The Key Parameters Explained
Why do we monitor so many key parameters? See below an explanation for each of the most commonly monitored parameters.
If free space on a disk drops below an agreed threshold, action can be taken before it causes a problem to either clean up the disk or increase the disk size. We continue to monitor disks for 5 working days after the free space issue is back above the threshold before closing off the ticket.
If a server goes offline, or reports an unexpected shutdown event.
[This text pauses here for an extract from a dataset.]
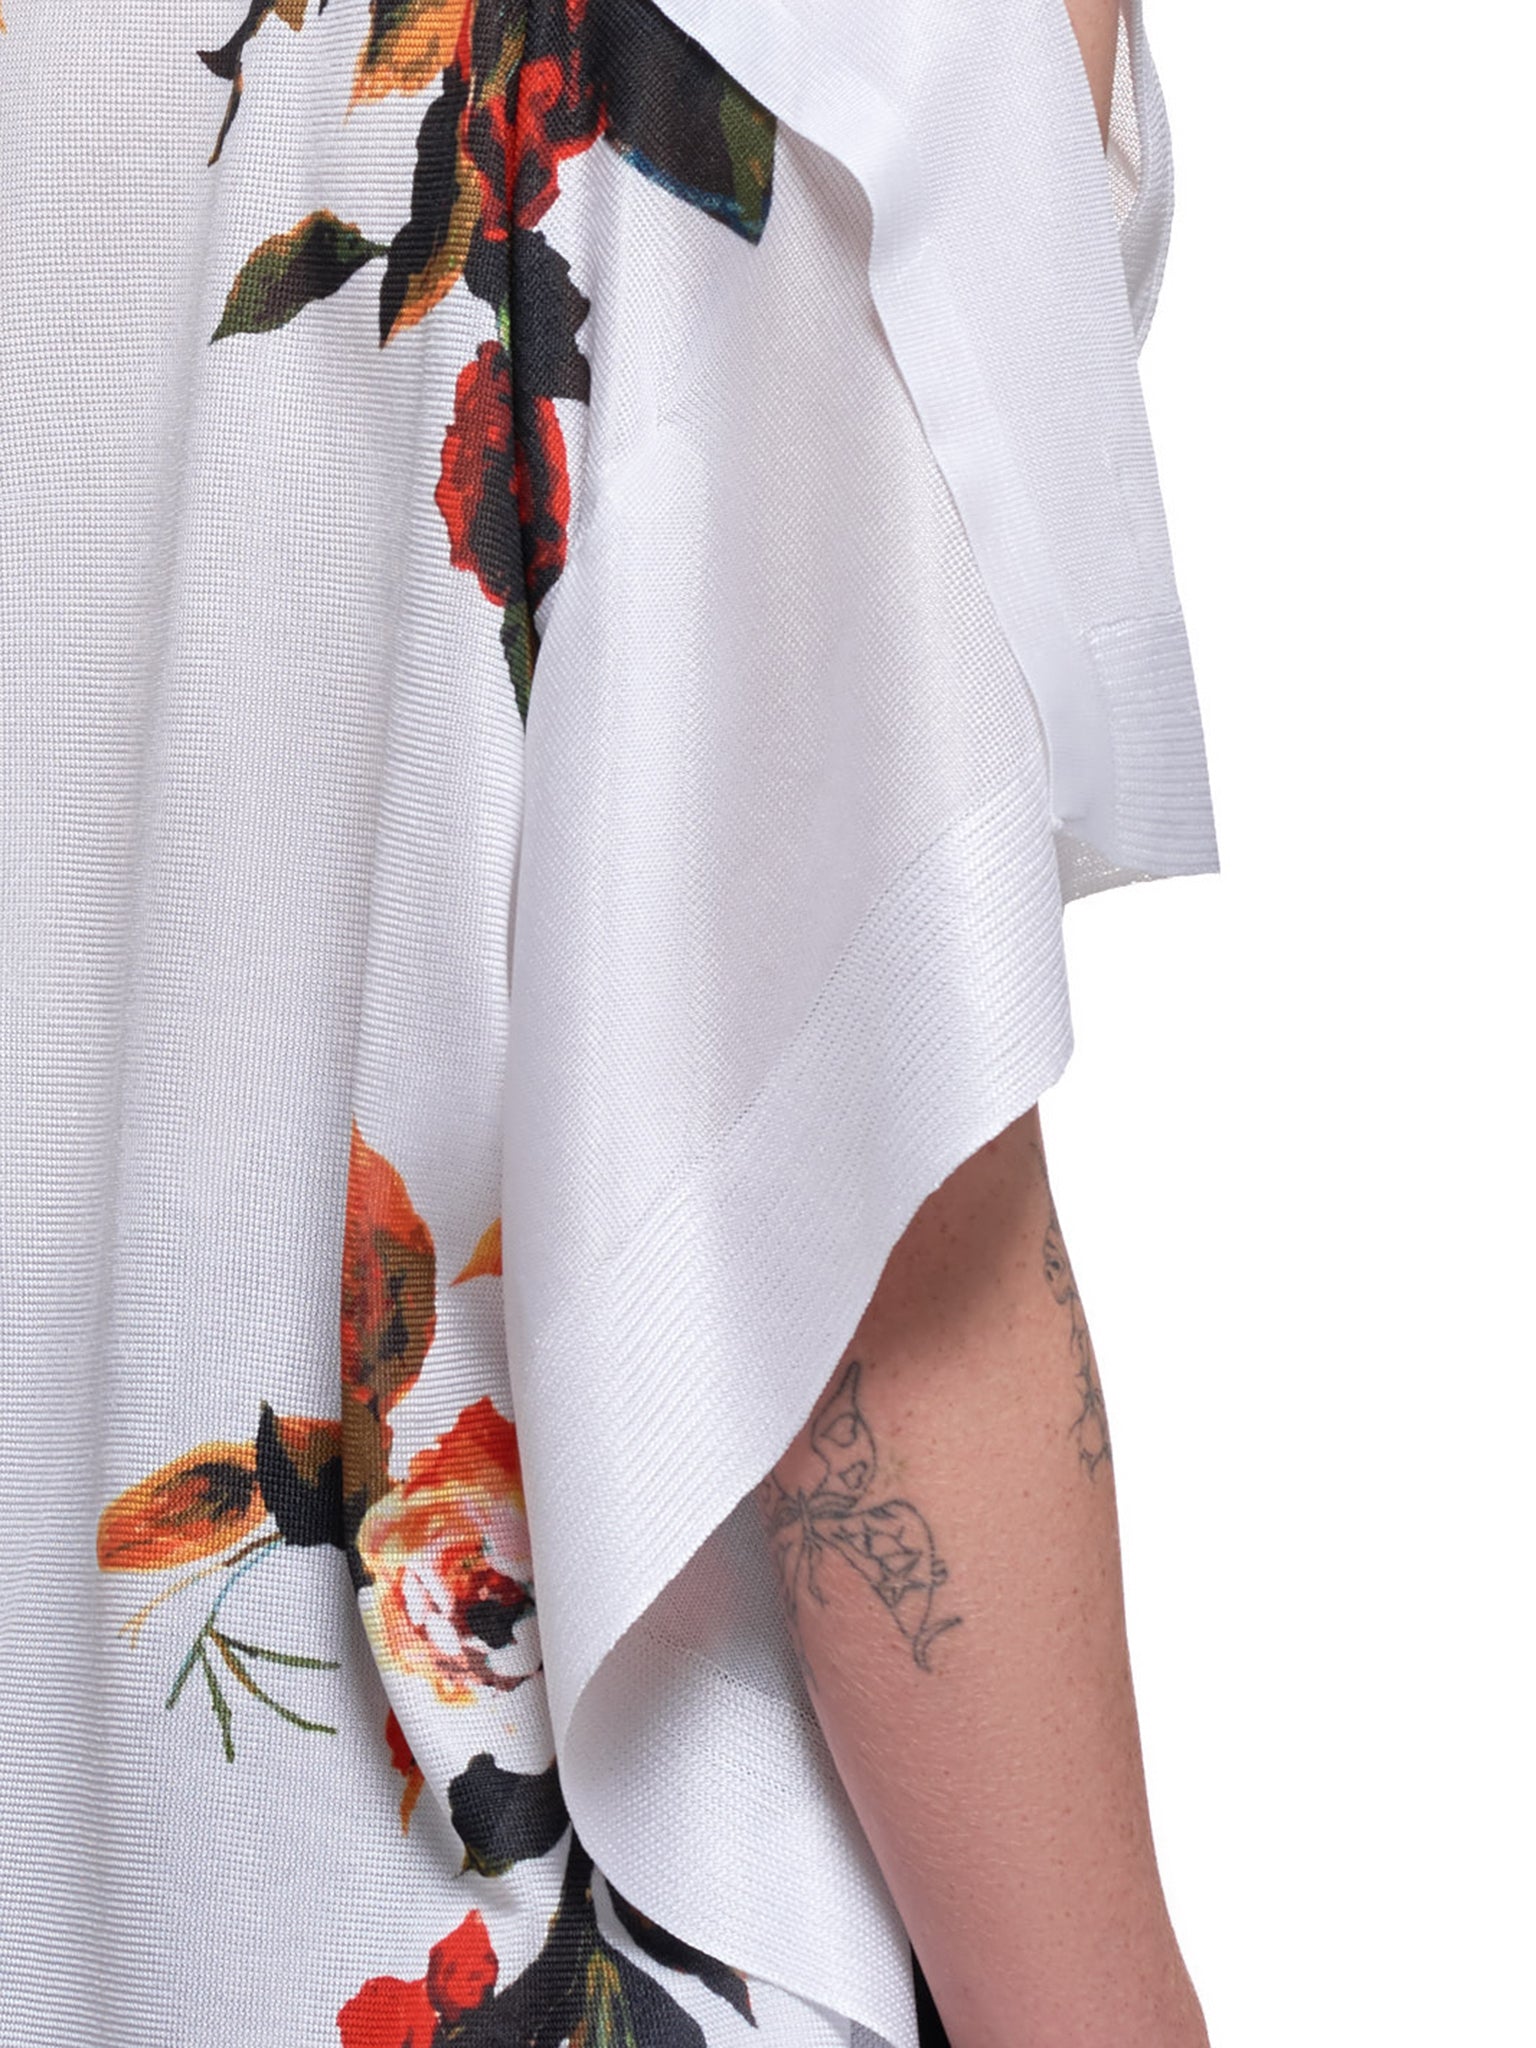 Toga Archives Top | H.Lorenzo Detail 2

These are treated as critical and dealt with immediately.
If a server (or other device such as SAN/DAS, or NAS) reports a hardware component failure or predicted failure, e.g. hard disk, power supply, fan, or ambient temperature too high.
If the UPS (Uninterruptible Power Supply) detects that the incoming power supply has failed, connectivity to the software agent on the servers is lost, or if the battery needs replacing
Where there are multiple internet connections with automated failover between them managed by the firewall, or multiple firewalls set up in High Availability mode, we receive alerts if an internet line or device goes down.
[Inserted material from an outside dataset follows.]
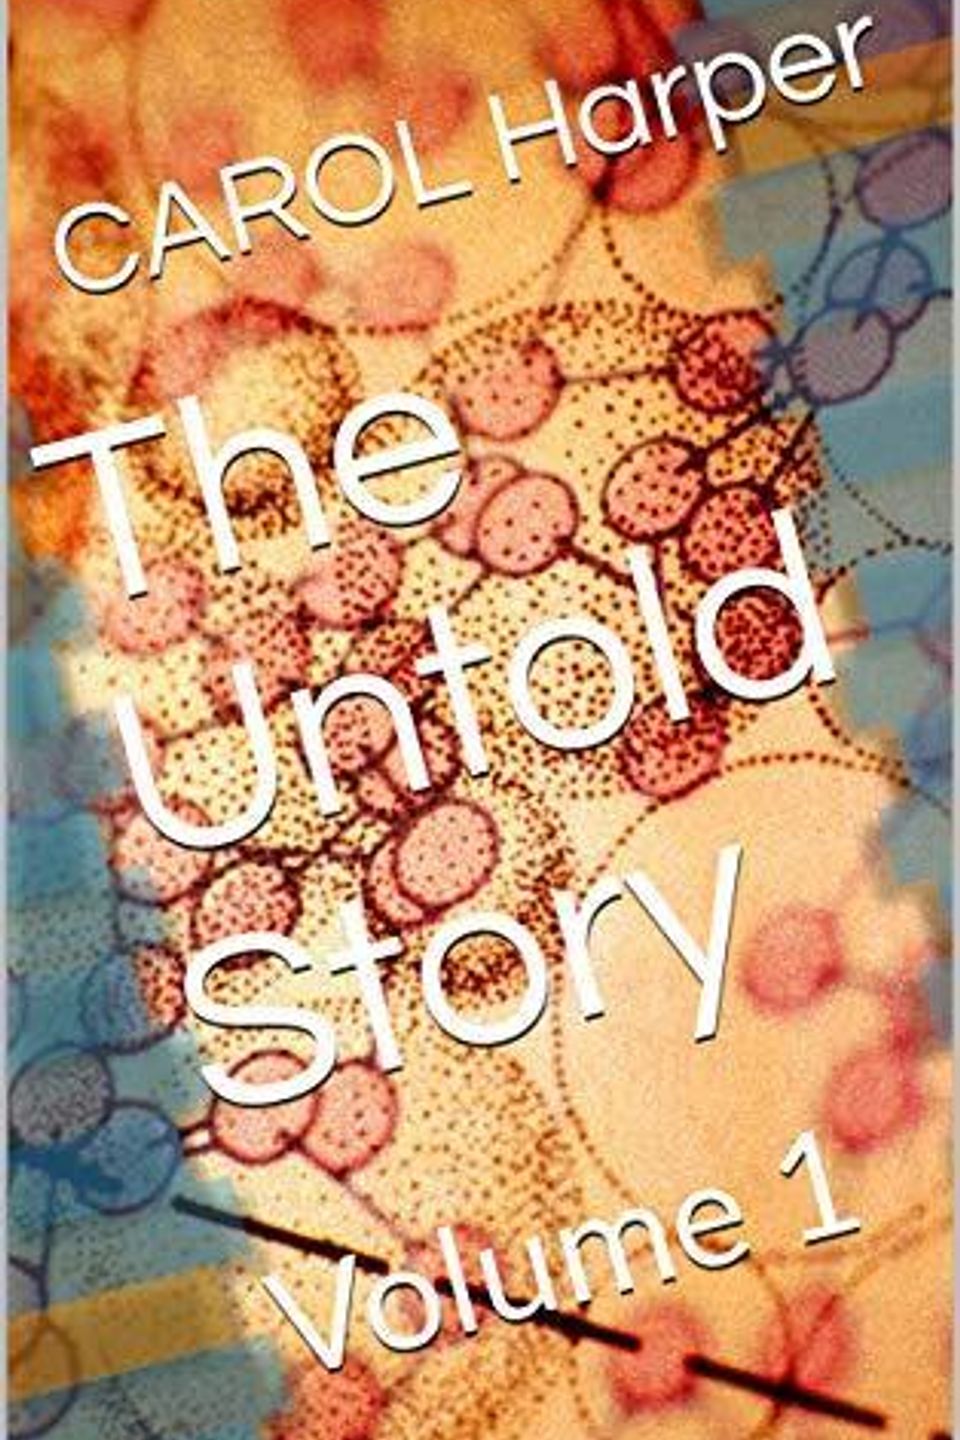 The untold story vol 1

Antivirus software can be set to be automatically deployed to all and any new machines that join the network, we receive notifications into a central console if any endpoint reports an infection or application error.
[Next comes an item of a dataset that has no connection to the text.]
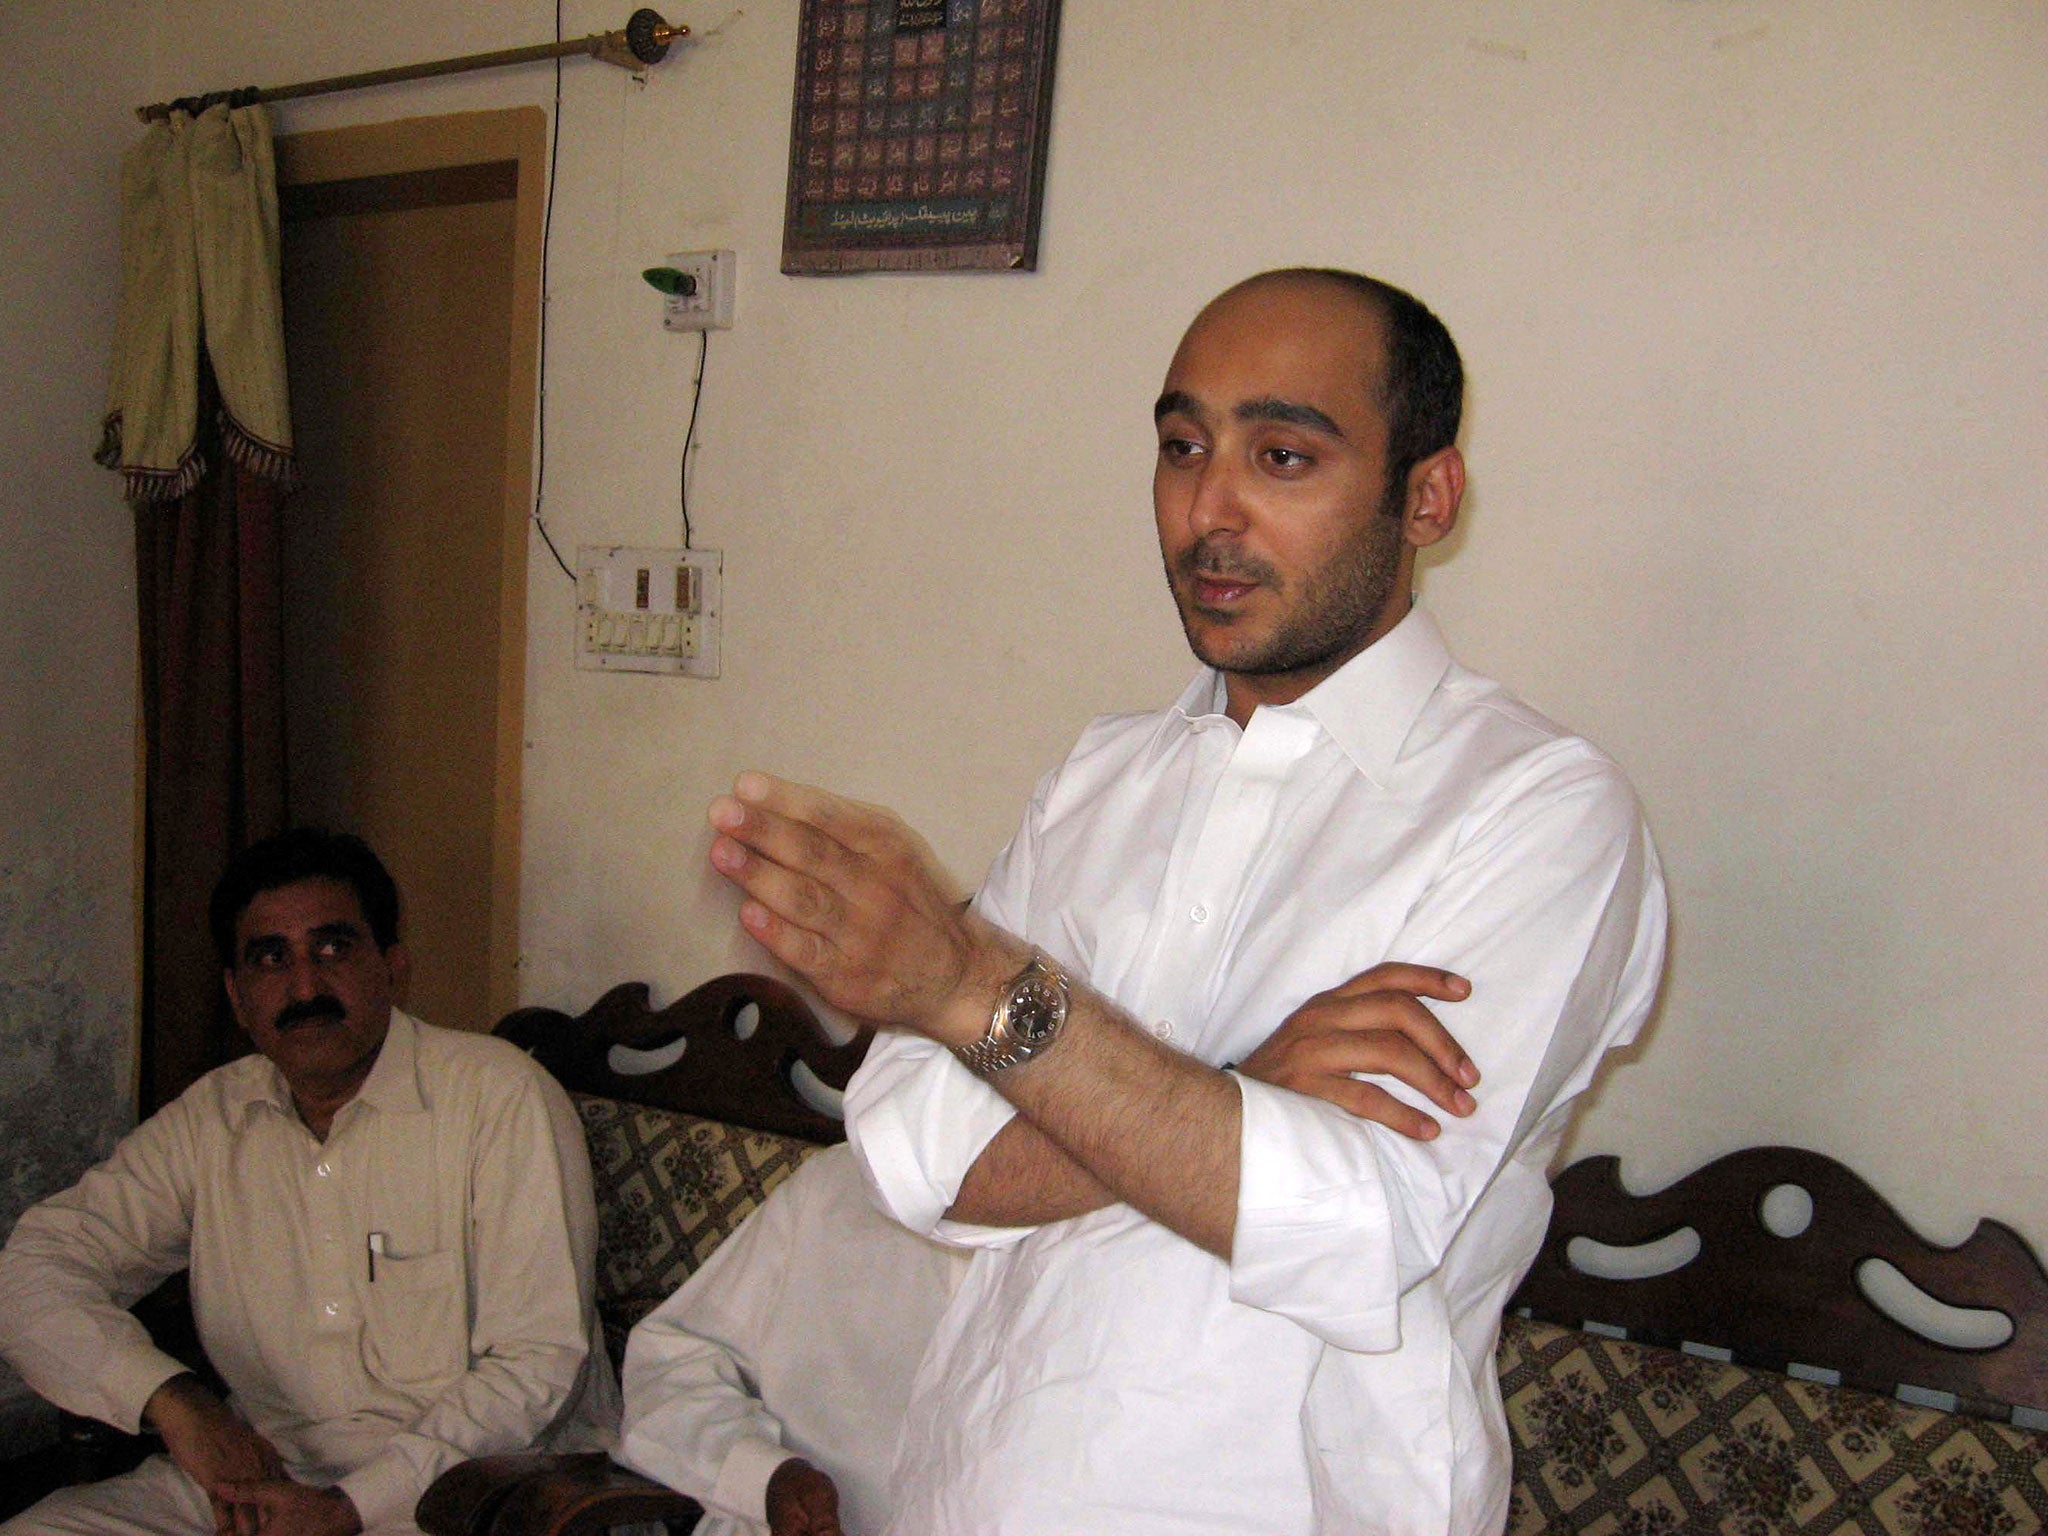 Ali Haider Gilani, son of former Pakistani Prime Minister Yusuf Raza Gilani, speaks at a house on the outskirts of Multan on 9 May, 2013, before his abduction

Servers will be patched and rebooted monthly with all critical updates, with automated reboots taking place overnight on a prescribed schedule on agreed dates to avoid disruption
Windows Event Logs
Understanding what does and does not indicate a genuine problem in the Windows Event Logs has a reputation of being somewhat of a black art.
Over the last decade, through our experience we have built up a library of the specific combinations of events and scenarios which actually require action, so our monitoring systems will only flag up events which indicate failures or potential failures, and present them in a format which is colour-coded according to severity, so that appropriate action and priority can be performed by our helpdesk.
Our helpdesk and monitoring teams are closely integrated, so that any new events of interest are found as new operating systems, applications and features are released, can be added to the standard template of alerts applied to all our managed servers.
Any mail queues over a certain threshold or delivery issues at the smarthost level.